Dilatancy (granular material)

Last updated October 13, 2022

Typical curves of stress-difference as a function of strain in dense sands. MasonSandDryTriaxialCompressionStressDiffStrain.png — Typical curves of stress-difference as a function of strain in dense sands.

Dilatancy is the volume change observed in granular materials when they are subjected to shear deformations.^[1]^[2] This effect was first described scientifically by Osborne Reynolds in 1885/1886 ^[3]^[4] and is also known as Reynolds dilatancy.

Unlike most other solid materials, the tendency of a compacted dense granular material is to dilate (expand in volume) as it is sheared. This occurs because the grains in a compacted state are interlocking and therefore do not have the freedom to move around one another. When stressed, a lever motion occurs between neighboring grains, which produces a bulk expansion of the material. On the other hand, when a granular material starts in a very loose state it may continuously compact instead of dilating under shear. A sample of a material is called dilative if its volume increases with increasing shear and contractive if the volume decreases with increasing shear.^[5]^[6]

Dilatancy is a common feature of soils and sands. Its effect can be seen when the wet sand around the foot of a person walking on beach appears to dry up. The deformation caused by the foot expands the sand under it and the water in the sand moves to fill the new space between the grains.

Reynolds dilatancy concept has been brought into the field of geotechnical engineers by Peter Walter Rowe ^{[ de ]},^[7] and is a part of the broader topic of soil mechanics.

Phenomenon

The phenomenon of dilatancy can be observed in a drained simple shear test on a sample of dense sand. In the initial stage of deformation, the volumetric strain decreases as the shear strain increases. But as the stress approaches its peak value, the volumetric strain starts to increase. After some more shear, the soil sample has a larger volume than when the test was started.

The amount of dilation depends strongly on the initial density of the soil. In general, the denser the soil, the greater the amount of volume expansion under shear.
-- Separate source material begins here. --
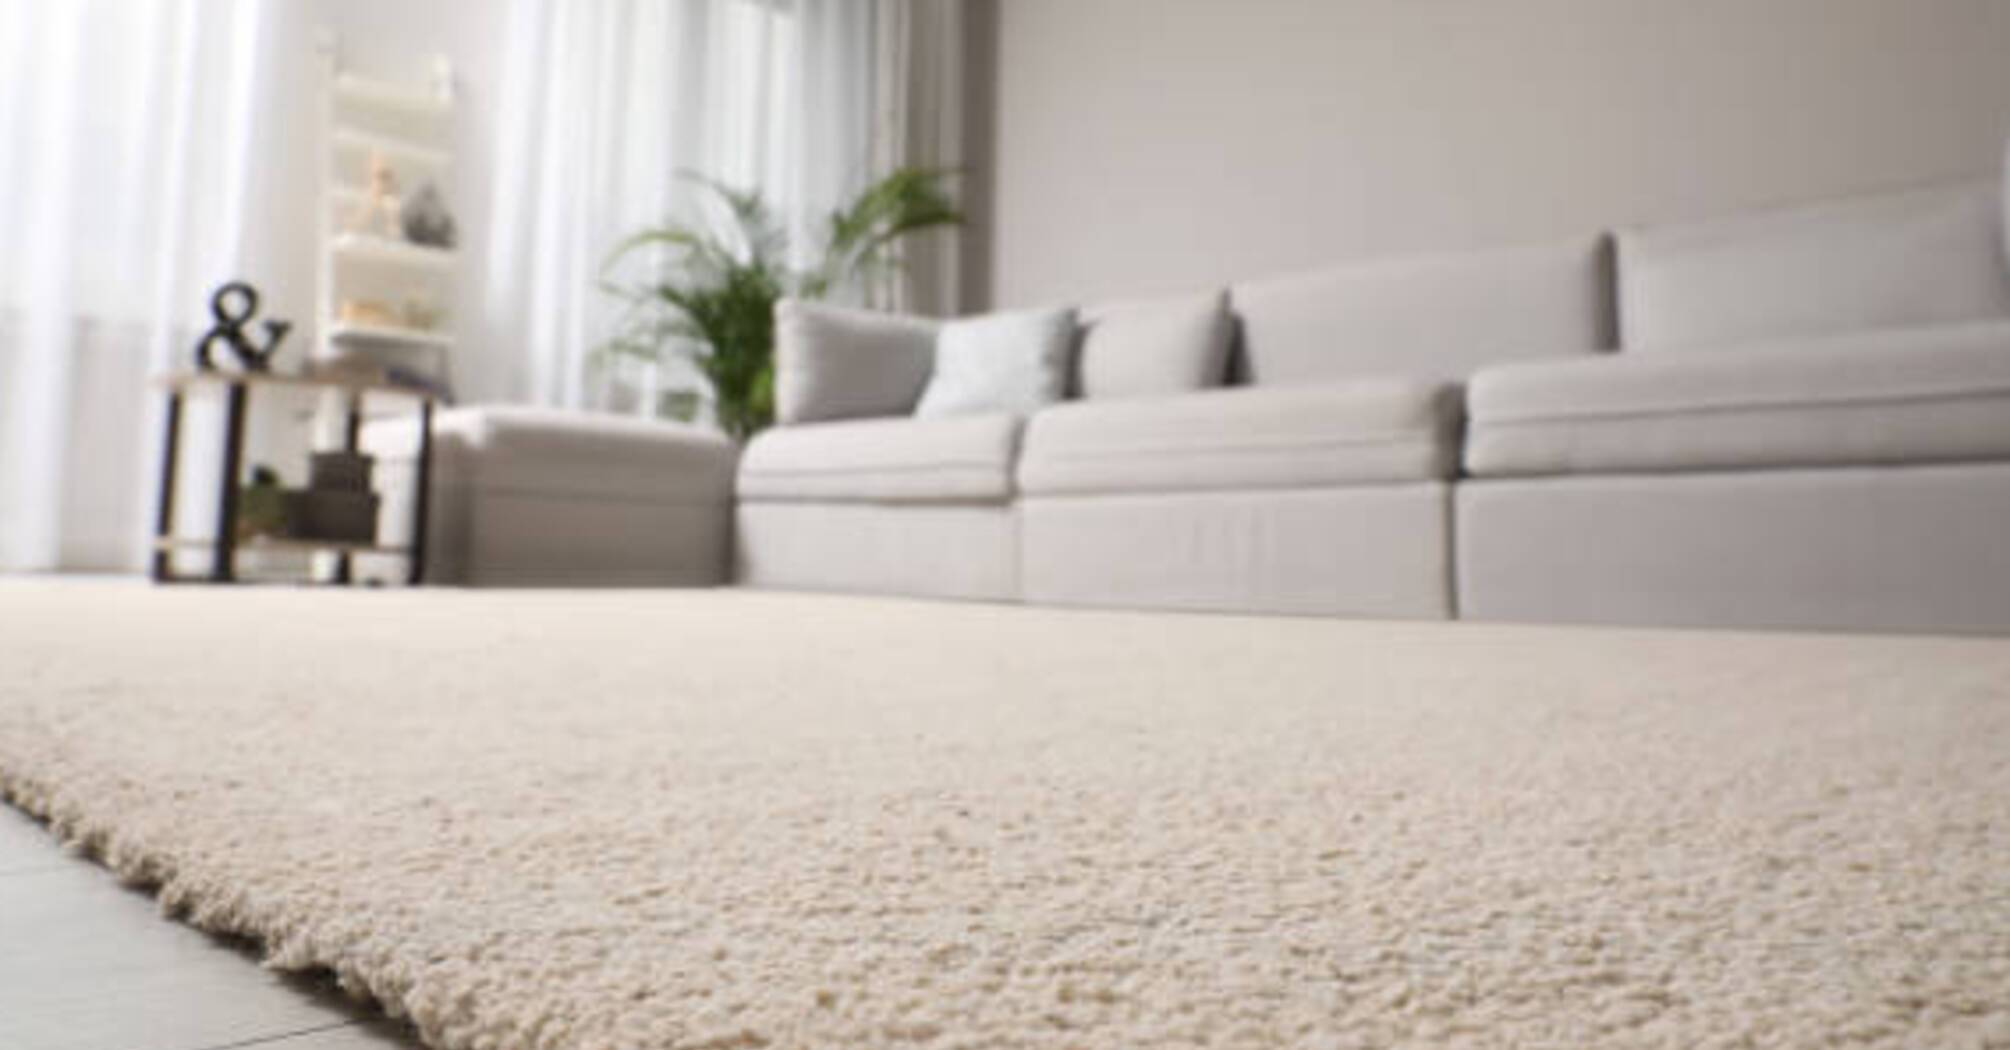 Carpet or carpeting: The best option for your home

It has also been observed that the angle of internal friction decreases as the effective normal stress is decreased.^[8]

The relationship between dilation and internal friction is typically illustrated by the sawtooth model of dilatancy where the angle of dilation is analogous to the angle made by the teeth to the horizontal. Such a model can be used to infer that the observed friction angle is equal to the dilation angle plus the friction angle for zero dilation.
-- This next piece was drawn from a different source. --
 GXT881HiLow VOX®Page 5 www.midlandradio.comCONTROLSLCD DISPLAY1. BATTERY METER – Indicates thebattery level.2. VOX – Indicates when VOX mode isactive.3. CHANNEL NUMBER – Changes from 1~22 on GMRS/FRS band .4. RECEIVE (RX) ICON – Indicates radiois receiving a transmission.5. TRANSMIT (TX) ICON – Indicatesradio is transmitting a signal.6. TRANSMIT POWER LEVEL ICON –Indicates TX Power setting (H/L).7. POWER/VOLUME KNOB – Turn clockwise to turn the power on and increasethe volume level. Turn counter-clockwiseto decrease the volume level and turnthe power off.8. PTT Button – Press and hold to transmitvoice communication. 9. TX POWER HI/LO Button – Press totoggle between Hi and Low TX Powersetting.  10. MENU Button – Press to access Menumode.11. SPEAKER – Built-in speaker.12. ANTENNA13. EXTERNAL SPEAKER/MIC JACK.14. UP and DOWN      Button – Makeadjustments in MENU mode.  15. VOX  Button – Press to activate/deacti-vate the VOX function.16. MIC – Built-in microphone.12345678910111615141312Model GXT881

Why is dilatancy important?

Because of dilatancy, the angle of friction increases as the confinement increases until it reaches a peak value. After the peak strength of the soil is mobilized the angle of friction abruptly decreases. As a result, geotechnical engineering of slopes, footings, tunnels, and piles in such soils have to consider the potential decrease in strength after the soil strength reaches this peak value.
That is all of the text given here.